Earth and Planetary Science Letters

Volume 279, Issues 3–4, 30 March 2009, Pages 222-229

https://doi.org/10.1016/j.epsl.2009.01.005 Get rights and content

Abstract

A catalogue of 677 landslides of the slide type was selected from a global database of geometrical measurements of individual landslides, including landslide area (A_L) and volume (V_L). The measurements were used to establish an empirical relationship to link A_L (in m²) to V_L (in m³). The relationship takes the form of a power law with a scaling exponent α = 1.450, covers eight orders of magnitude of A_L and twelve orders of magnitude of V_L, and is in general agreement with existing relationships published in the literature. The reduced scatter of the experiential data around the dependency line, and the fact that the considered landslides occurred in multiple physiographic and climatic environments and were caused by different triggers, indicate that the relationship between V_L and A_L is largely independent of the physiographical setting. The new relationship was used to determine the volume of individual landslides of the slide type in the Collazzone area, central Italy, a 78.9 km² area for which a multi-temporal landslide inventory covering the 69-year period from 1937 to 2005 is available. In the observation period, the total volume of landslide material was V_LT = 4.78 × 10⁷ m³, corresponding to an average rate of landslide mobilization φ_L = 8.8 mm yr^− 1. Exploiting the temporal information in the landslide inventory, the volume of material produced during different periods by new and reactivated landslides was singled out. The wet period from 1937 to 1941 was recognized as an episode of accelerated landslide production. During this 5-year period, approximately 45% of the total landslide material inventoried in the Collazzone area was produced, corresponding to an average rate of landslide mobilization φ_L = 54 mm yr^− 1, six times higher than the long term rate. The volume of landslide material in an event or period was used as a proxy for the magnitude of the event or period, defined as the logarithm (base 10) of the total landslide volume produced during the event, or period. With this respect, the new relationship to link A_L and V_L is a starting point for the adoption of a quantitative, process based landslide magnitude scale for landslide events.

Introduction

Landslides are caused by various triggers, including earthquakes, rainfall and rapid snowmelt, and are influenced by multiple factors, such as topography, soil and rock types, fractures and bedding planes, and moisture content (Crozier, 1986, Turner and Schuster, 1996). Knowing the number, area, and volume of landslides is important to determine landslide susceptibility and hazard (Soeters and van Westen, 1996, Guzzetti et al., 1999, Malamud et al., 2004a), to ascertain landslide risk (Cardinali et al., 2002, Reichenbach et al., 2005), for forestry, wildlife and ecological studies (Montgomery et al., 2000, Miller and Burnett, 2007), and to evaluate the long-term evolution of landscapes dominated by mass-wasting processes (Hovius et al., 1997, Harmon and Doe, 2001, Lavé and Burbank, 2004, Malamud et al., 2004b, Korup, 2005a, Korup, 2005b, Imaizumi and Sidle, 2007, Guzzetti et al., 2008).

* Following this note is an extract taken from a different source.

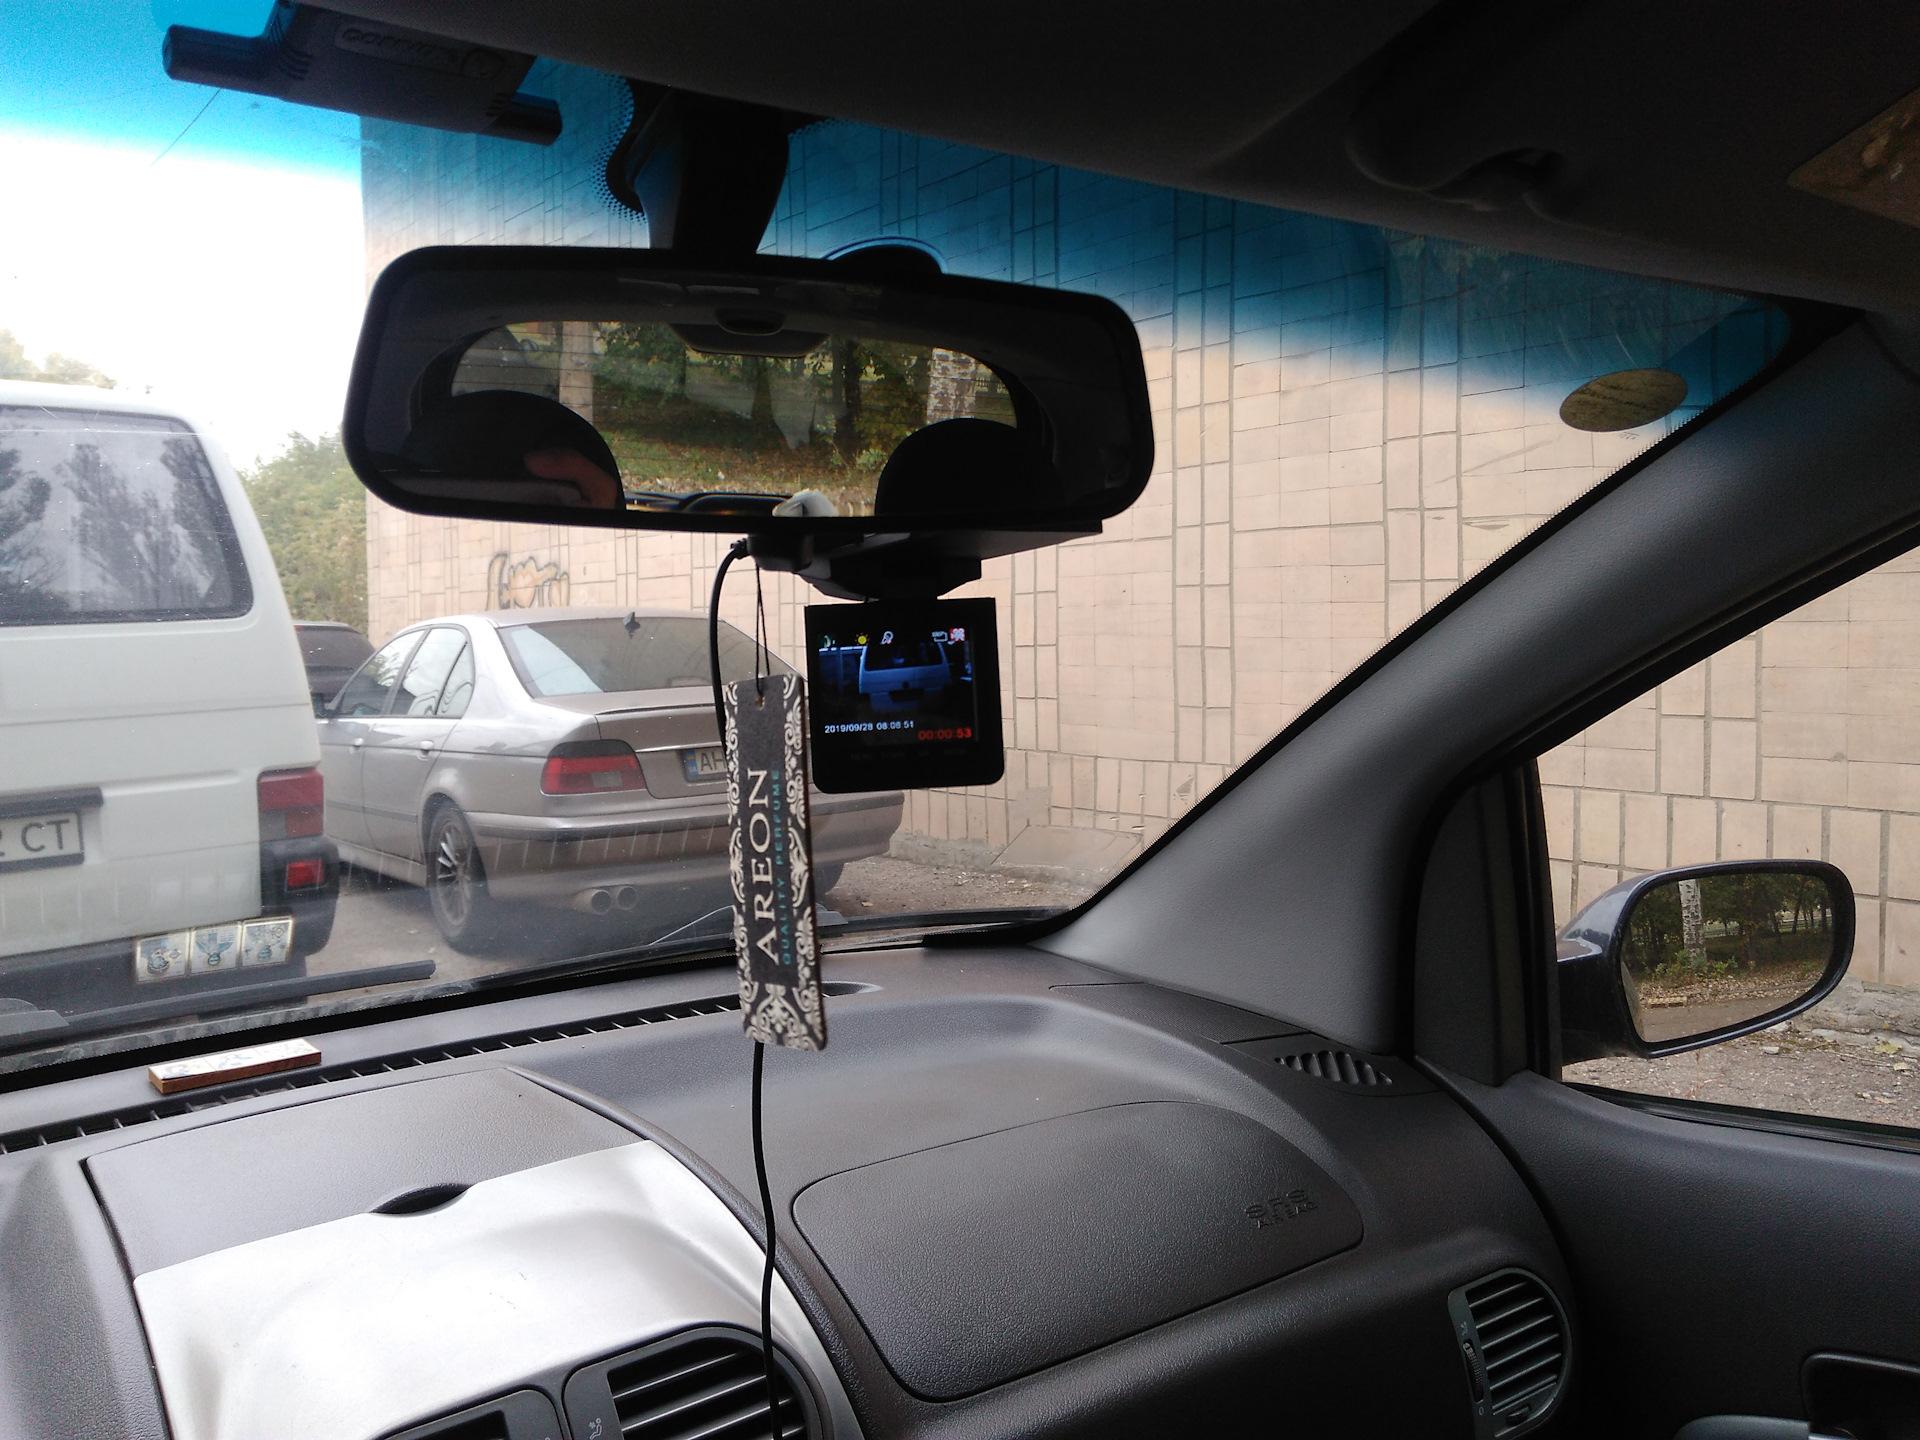 Как закрепить регистратор в авто купить видеорегистратор каркам автомобильный в спб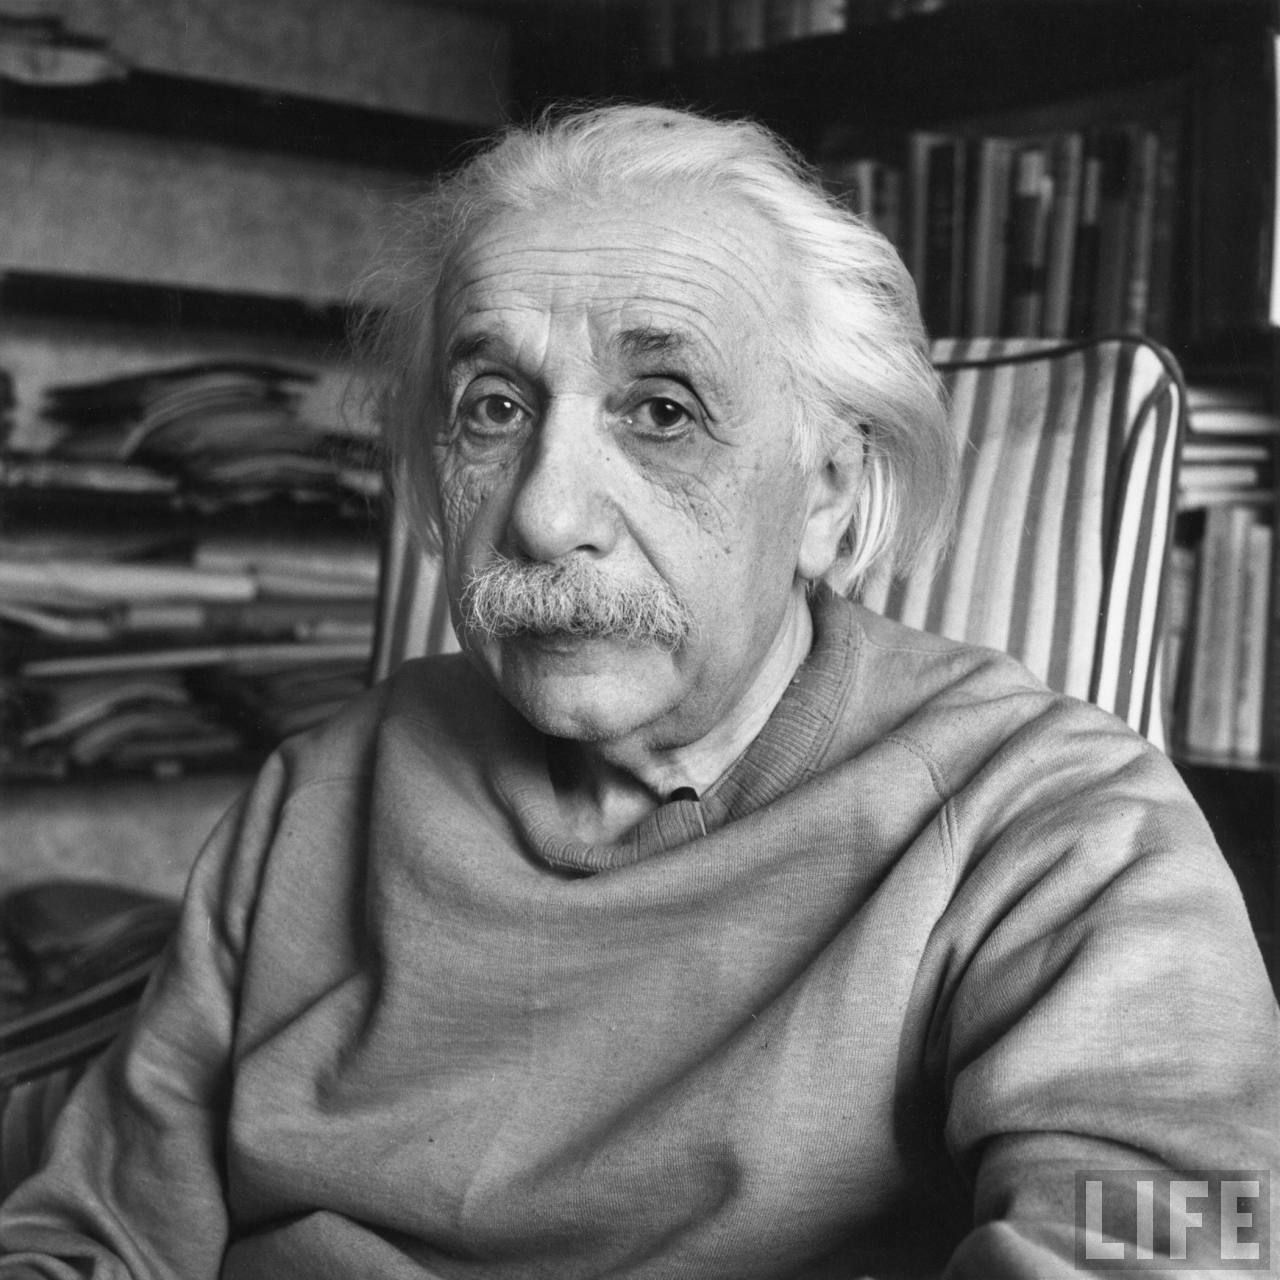 Portrait of Professor Albert Einstein. Location: US  Date taken: 1947  Photographer: Alfred Eisenstaedt

The number of landslides in an area is information easily obtained where accurate and reasonably complete landslide inventory maps are available (Guzzetti et al., 2002, Malamud et al., 2004a, Galli et al., 2008). Where landslide maps are available in digital form, the number of landslide per unit area (i.e., landslide density), the area of individual landslides, and the total landslide area can be calculated. Where multi-temporal landslide inventory maps are available in digital form (Guzzetti et al., 2005, Guzzetti et al., 2006, Imaizumi and Sidle, 2007, Galli et al., 2008), statistics of the number, density and area of landslides can be calculated for different periods.

Determining the volume of a landslide is a more difficult task that requires information on the surface and sub-surface geometry of the slope failure. This information is difficult and expensive to collect. Estimating the volume of slope failures for a large population of landslides (hundreds to several thousand failures) in an area is an even more challenging task (Malamud et al., 2004a) that, at present, can be achieved only by adopting empirical relationships to link the volume of individual landslides to geometrical measurements of the failures, chiefly landslide area (Simonett, 1967, Rice et al., 1969, Innes, 1983, Hovius et al., 1997, Guthrie and Evans, 2004a, Korup, 2005b, ten Brink et al., 2006, Imaizumi and Sidle, 2007, Guzzetti et al., 2008, Imaizumi et al., 2008).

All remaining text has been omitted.